• Required work: Every line below needs to be transcribed without alteration, and no image may be carried over.

The data START

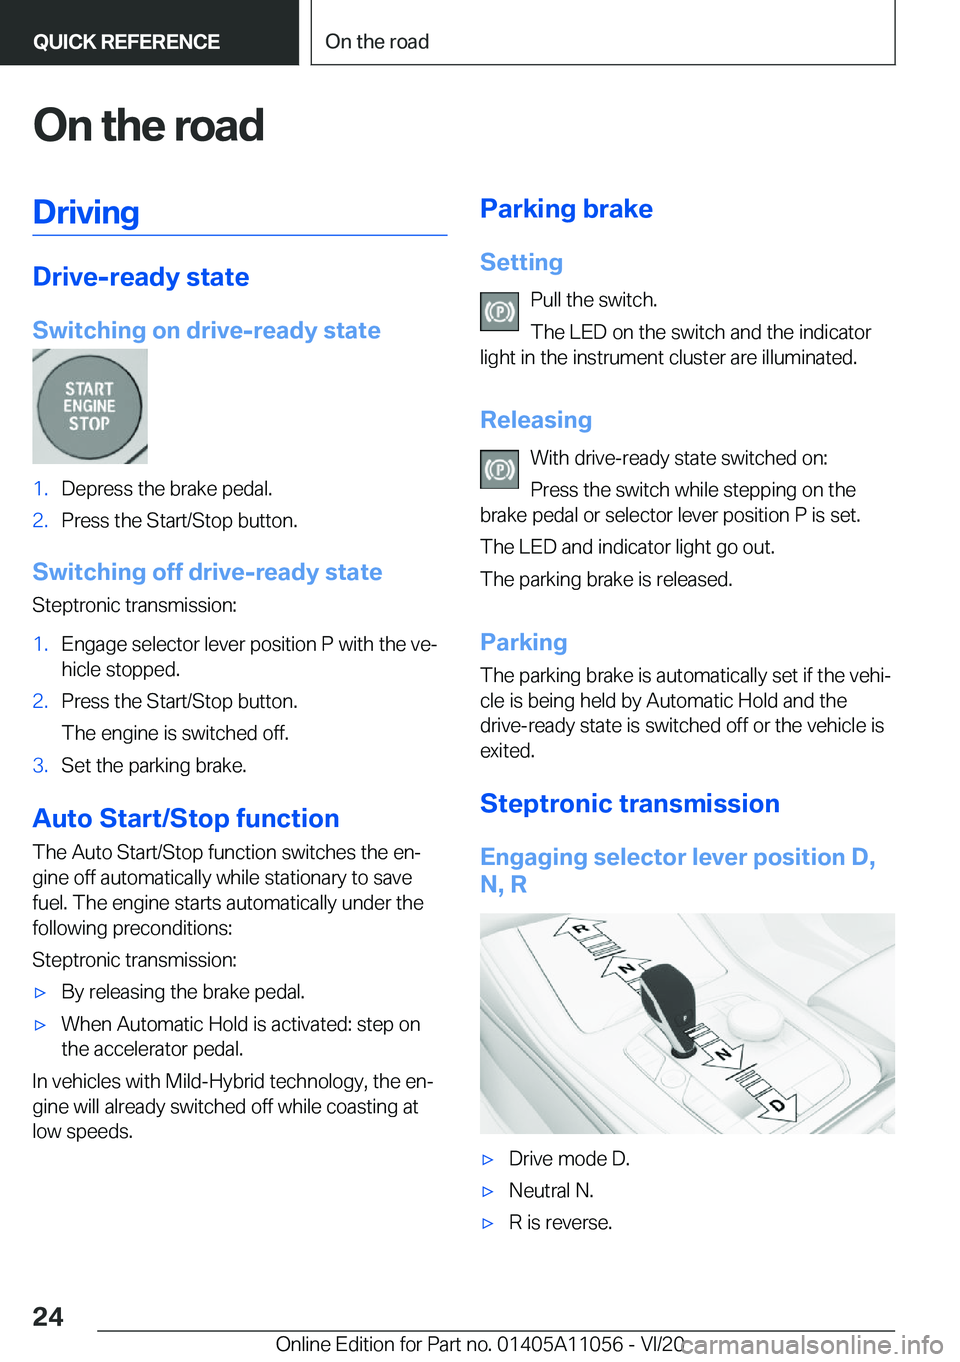 BMW X7 2021 Owners Manual �O�n��t�h�e��r�o�a�d�D�r�i�v�i�n�g
�D�r�i�v�e�-�r�e�a�d�y��s�t�a�t�e
�S�w�i�t�c�h�i�n�g��o�n��d�r�i�v�e�-�r�e�a�d�y��s�t�a�t�e
�1�.�D�e�p�r�e�s�s��t�h�e��b�r�a�k�e��p�e�d�a�l�.�2�.�P�r�e�s�s�

The data END

• Task answer:
 BMW X7 2021 Owners Manual �O�n��t�h�e��r�o�a�d�D�r�i�v�i�n�g
�D�r�i�v�e�-�r�e�a�d�y��s�t�a�t�e
�S�w�i�t�c�h�i�n�g��o�n��d�r�i�v�e�-�r�e�a�d�y��s�t�a�t�e
�1�.�D�e�p�r�e�s�s��t�h�e��b�r�a�k�e��p�e�d�a�l�.�2�.�P�r�e�s�s�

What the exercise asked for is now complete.